Au niveau de leurs avantages et inconvénients respectifs, on notera que la thématisation continue permet une analyse plus fine et plus riche du corpus, alors que l’analyse séquenciée assure un traitement plus efficace et uniforme du matériel. Si la première approche est d’ordinaire plus complexe et exigeante en termes de temps, la seconde tend pour sa part à ignorer la saisie d’aspects importants. Désireux de comprendre la négociation “en train de se faire”, nous adopterons en ce qui nous concerne une démarche de thématisation continue.

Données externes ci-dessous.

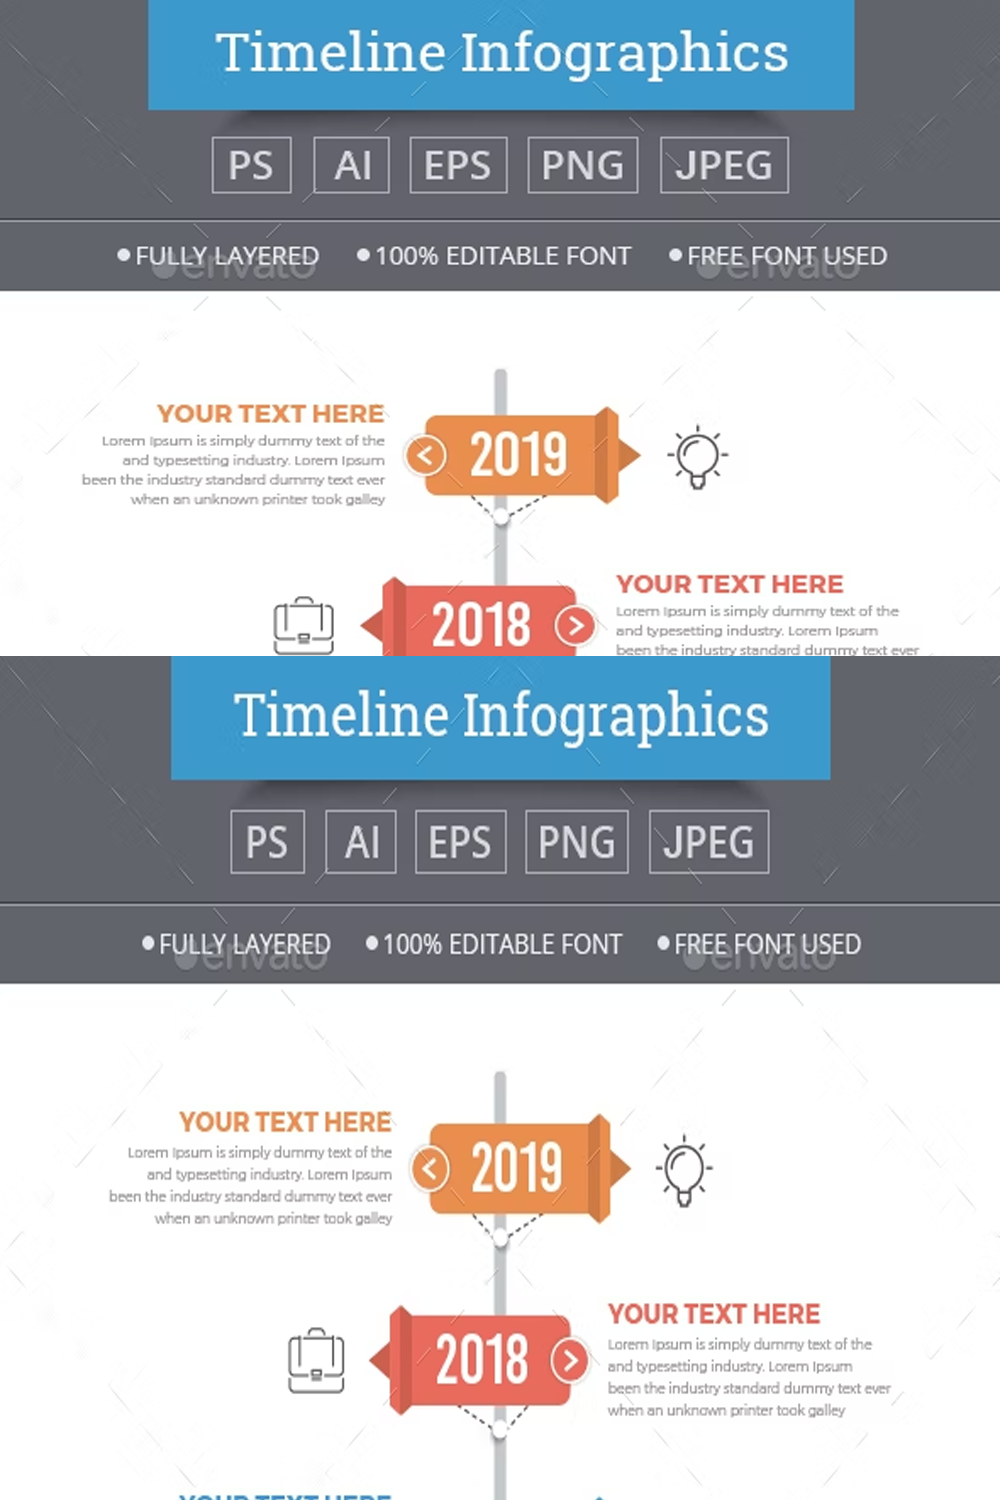 Illustrations vertical timeline infographics of pinterest.

Cette approche apparaît en effet plus appropriée pour suivre l’évolution des préoccupations d’un groupe à travers l’espace de collaboration qu’il construit. Elle permet de reconstituer l’architecture des thèmes sur lesquels repose éventuellement la représentation du site à intervenir.
La thématisation continue prend forme à travers trois opérations essentielles. La première consiste à attribuer un thème aux extraits pertinents du texte44. Cet exercice s’effectue en lien étroit avec les objectifs de la recherche. Il suppose une connaissance approfondie du matériel ainsi qu’un effort de synthèse. La deuxième opération est la construction de l’arbre thématique. C’est à ce stade que l’analyste s’interroge s’il doit utiliser les mêmes thèmes, en changer l’appellation ou encore, procéder à leur regroupement. À cet égard, on rappellera que la thématisation continue est un exercice ouvert où l’on peut faire apparaître, faire disparaître, fusionner ou encore subdiviser des thèmes. Cette opération de raffinement et de regroupement complétée, on peut enfin procéder à une analyse thématique. Cette opération va au-delà d’un simple repérage des thèmes. Elle vise à les examiner, à les interroger et à les confronter les uns avec les autres en vue de produire un effet d’intelligibilité. À terme, l’analyste dispose d’une analyse qualitative déjà susceptible de communication et de discussion.
44Par extraits pertinents, on entendra les mots, les phrases ou les groupes de phrases susceptibles de répondre à nos objectifs immédiats de recherche.
En ce qui nous concerne, notre analyse des discussions de groupe respectera de façon fidèle les deux premières étapes de la méthodologie de thématisation continue. Pour ce qui est de la troisième étape, nous croyons plus opportun de procéder à une analyse traditionnelle de contenu.
Les opérations de base de ce type d’analyse tendent en effet à réduire les biais affectifs ou idéologiques engendrés par une lecture trop immédiate et rapprochée du matériel à analyser.